Traditional Chinese is still used to write characters in Taiwan and Hong Kong, and much of the Chinese diaspora. Simplified Chinese is used in Mainland China and Singapore. It is important to stress that people speaking many different, often mutually unintelligible, Chinese dialects would use one or other of these scripts to write Chinese – ie. the characters do not necessarily represent the sounds.
There are a few local characters, such as for Cantonese in Hong Kong, that are not in widespread use.
In Chinese these ideographs are called hanzi. They are often referred to as Han characters.

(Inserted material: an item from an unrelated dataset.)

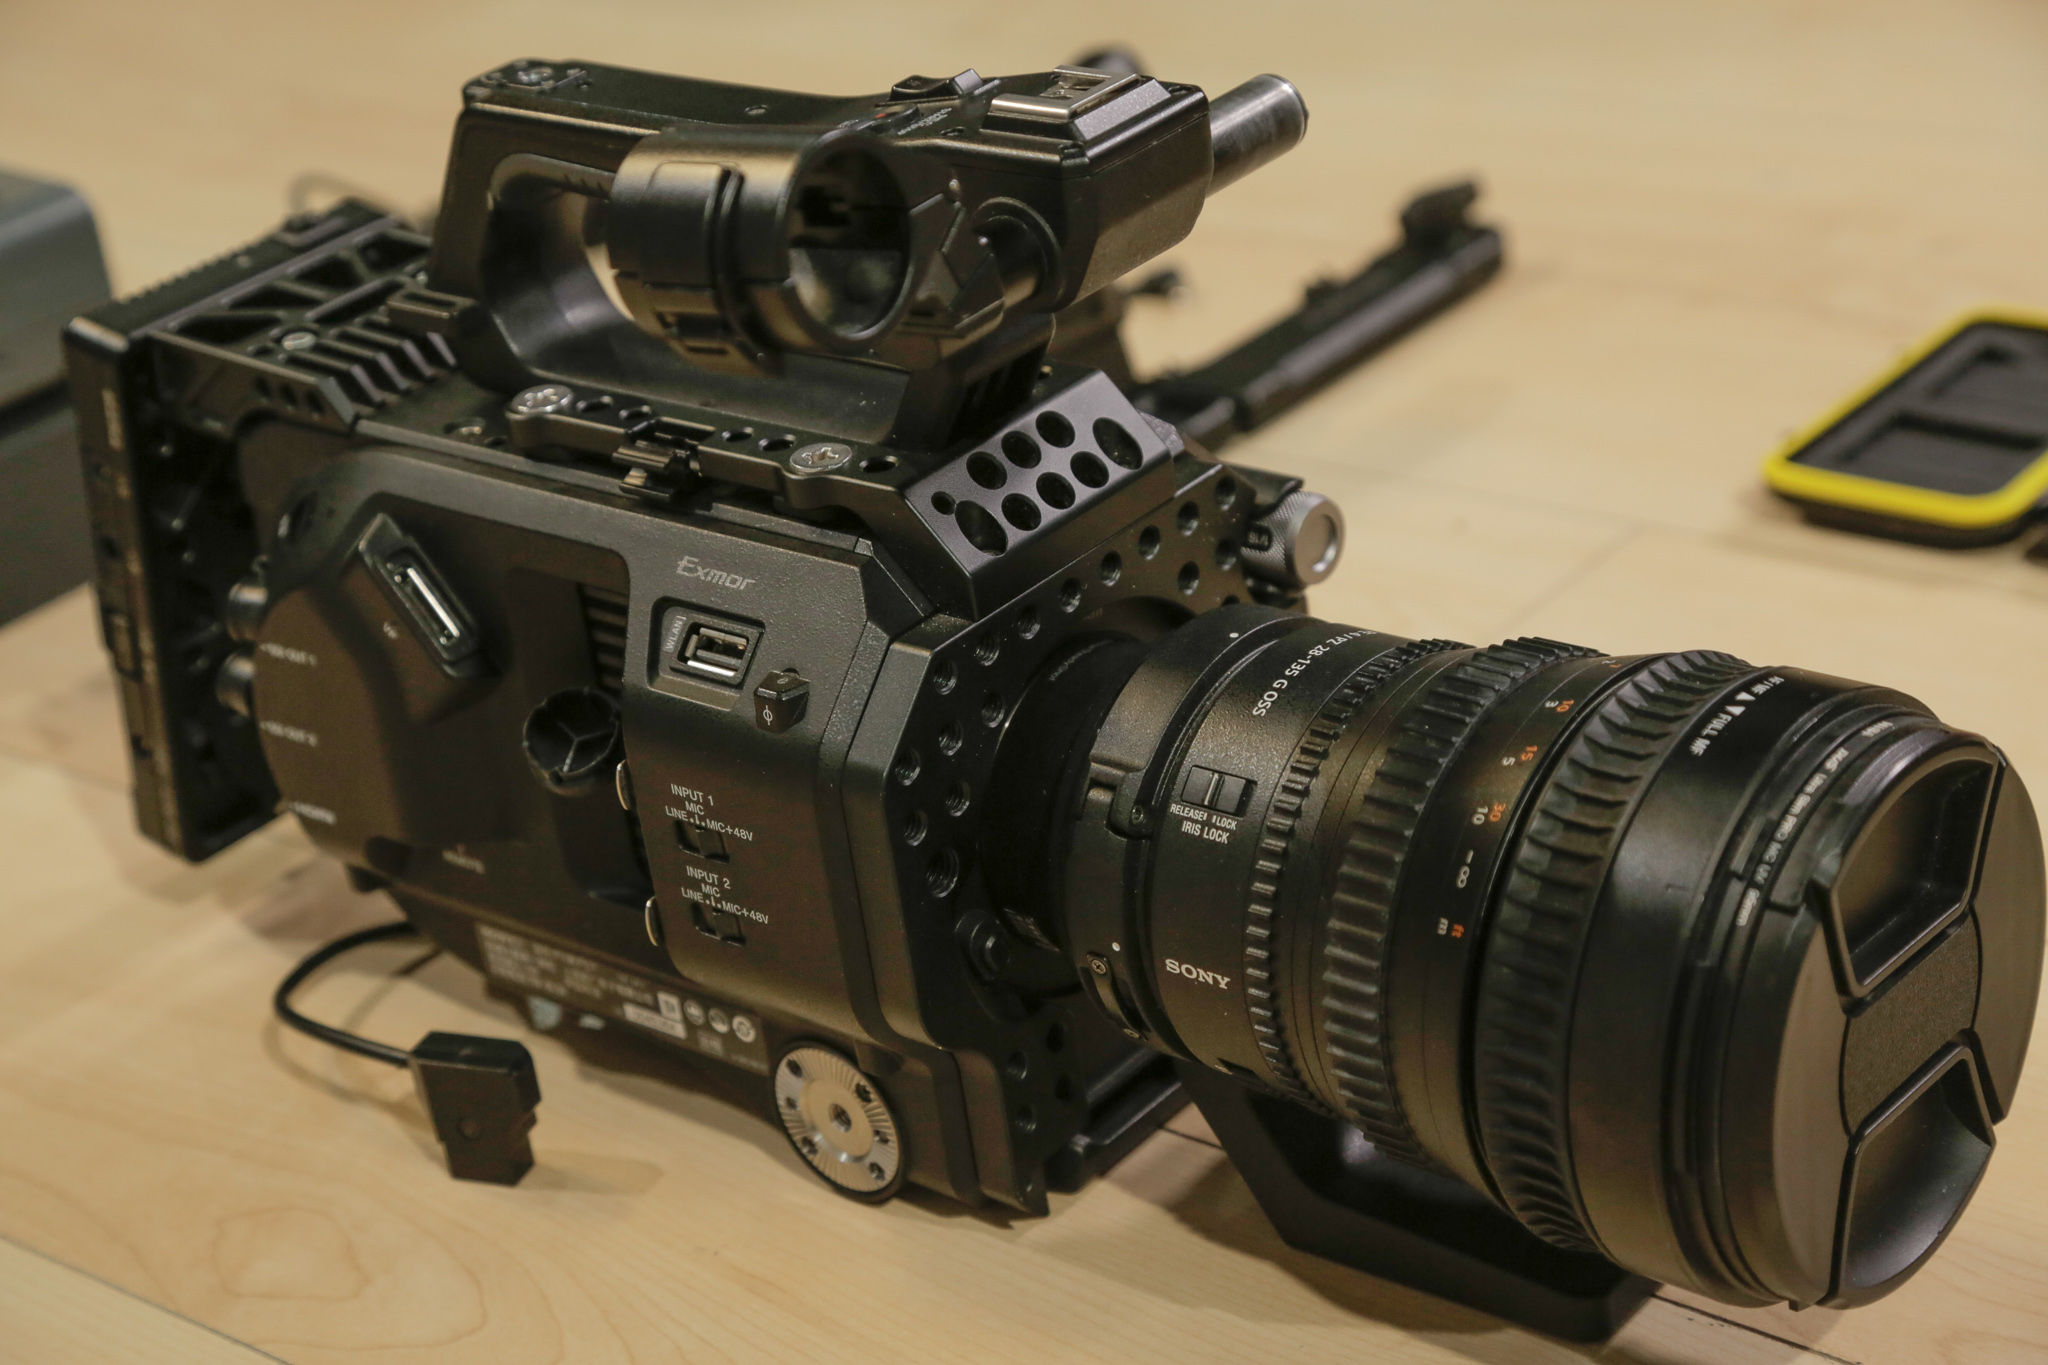 fs7摄像机

There is another script used with Traditional Chinese for annotations and transliteration during input. It is called zhuyin or bopomofo, and will be described in more detail later.

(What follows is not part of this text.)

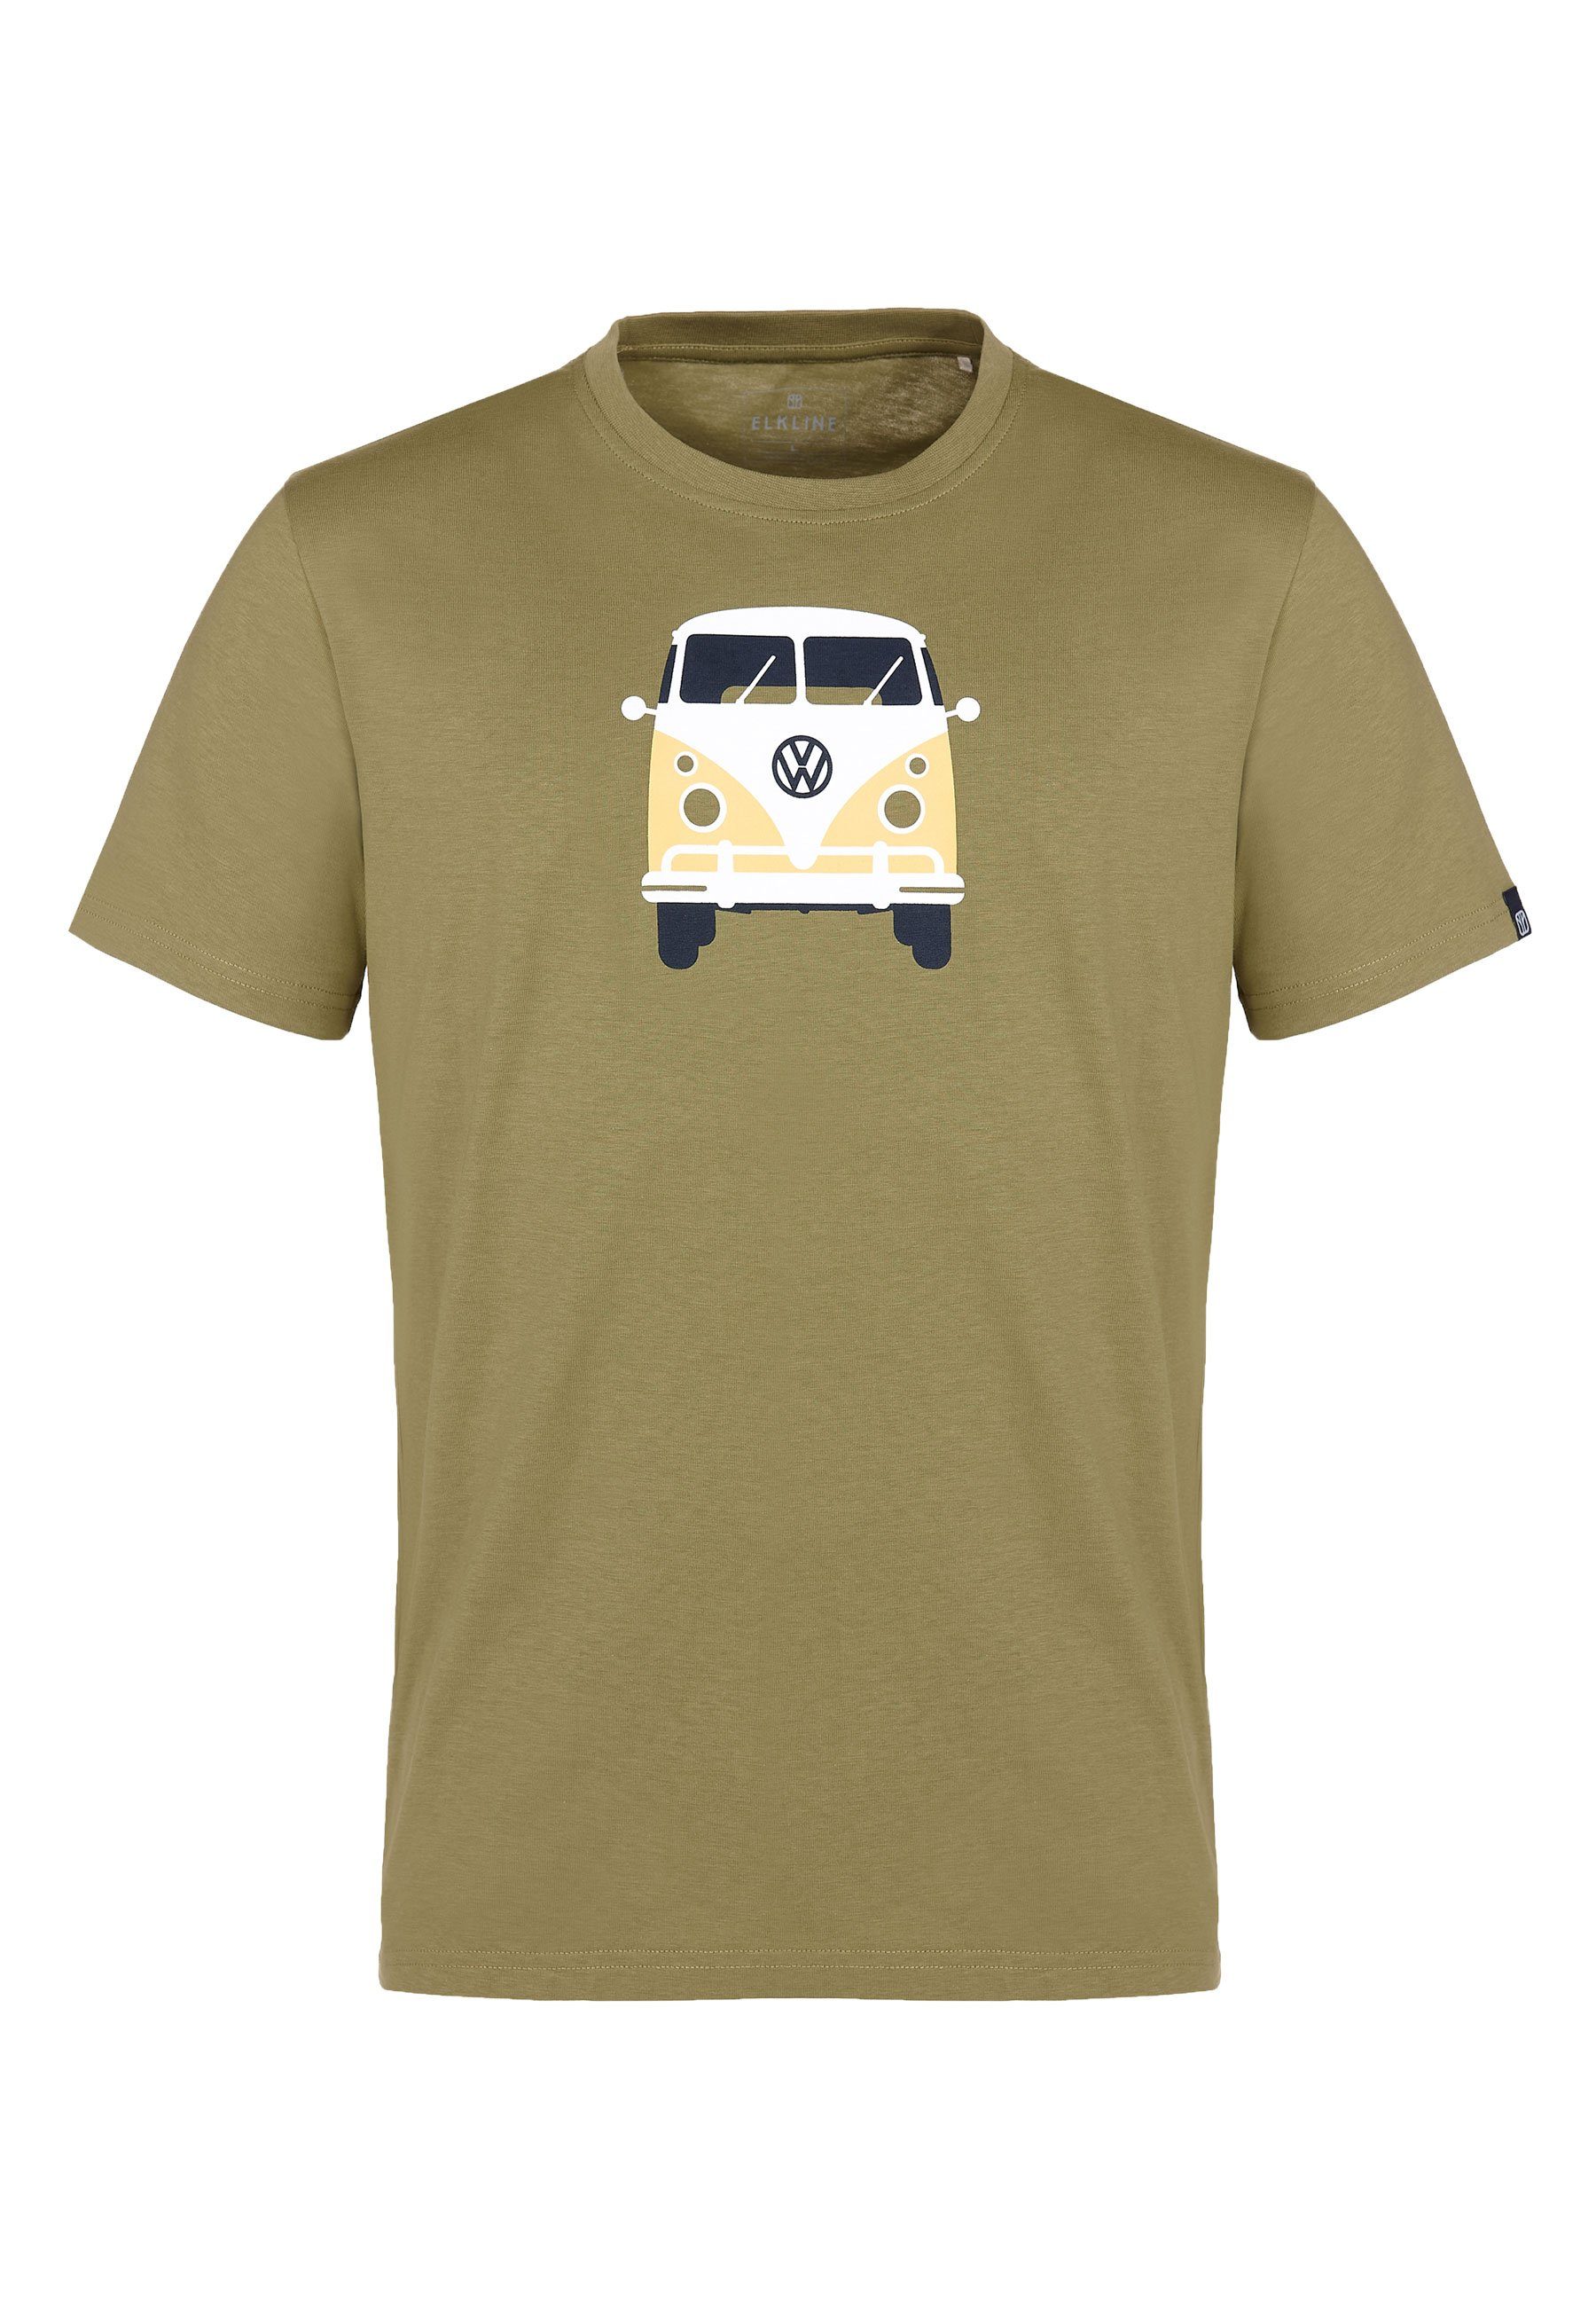 Rücken Print lizenzierter Methusalem Bulli avocado Brust VW Elkline T-Shirt

It is said that Chinese people typically use around 3-4,000 characters for most communication, but a reasonable word processor would need to support at least 10,000. Unicode supports over 70,000 Han characters.
This slide shows examples of contrasting shapes in Traditional and Simplified ideographs.

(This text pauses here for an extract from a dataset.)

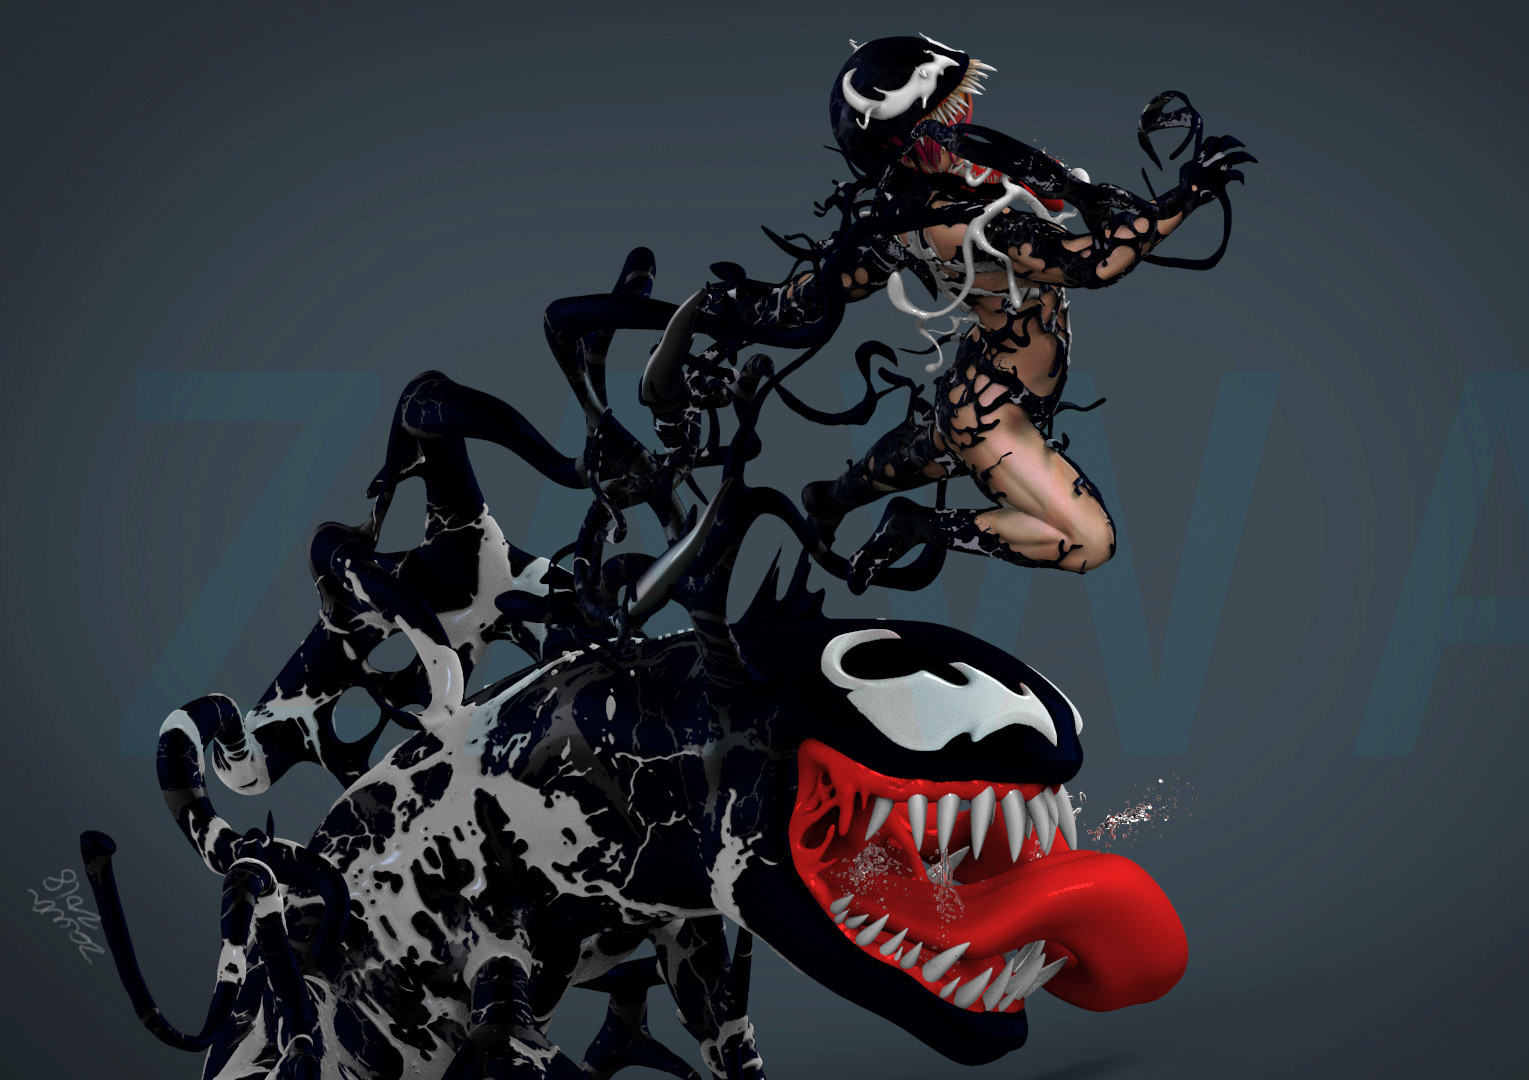 She-Venom.

The characters on the left are one ideograph; the characters on the right are another. Characters at the top are Traditional shapes; characters at the bottom are Simplified.
Note that each of the large glyphs shown above is a separate code point in Unicode. The Simplified and Traditional shapes are not unified unless they are extremely similar. (Han unification will be explained in more detail later.)
Japanese uses three native scripts in addition to Latin (which is called romaji), and mixes them all together.
Top right on the slide is an example of ideographic characters, borrowed from Chinese, which in Japanese are called kanji. Kanji characters are used principally for the roots of words.
The example at the top left of the slide is written entirely in hiragana. Hiragana is a native Japanese syllabic script typically used for many indigenous Japanese words (as in this case) and for grammatical particles and endings. The example at the bottom of the slide shows its use to express grammatical information alongside a kanji character (the darker, initial character) that expresses the root meaning of the word.
Japanese everyday usage requires around 2,000 kanji characters – although Japanese character sets include many thousands more.
The example at the bottom of this slide shows the katakana script. This is used for foreign loan words in Japanese. The example reads ‘te-ki-su-to’, ie. ‘text’.
On the two slides above we see the more common characters from the hiragana (left) and katakana (right) syllabaries arranged in traditional order. A character in the same location in each table is pronounced exactly the same.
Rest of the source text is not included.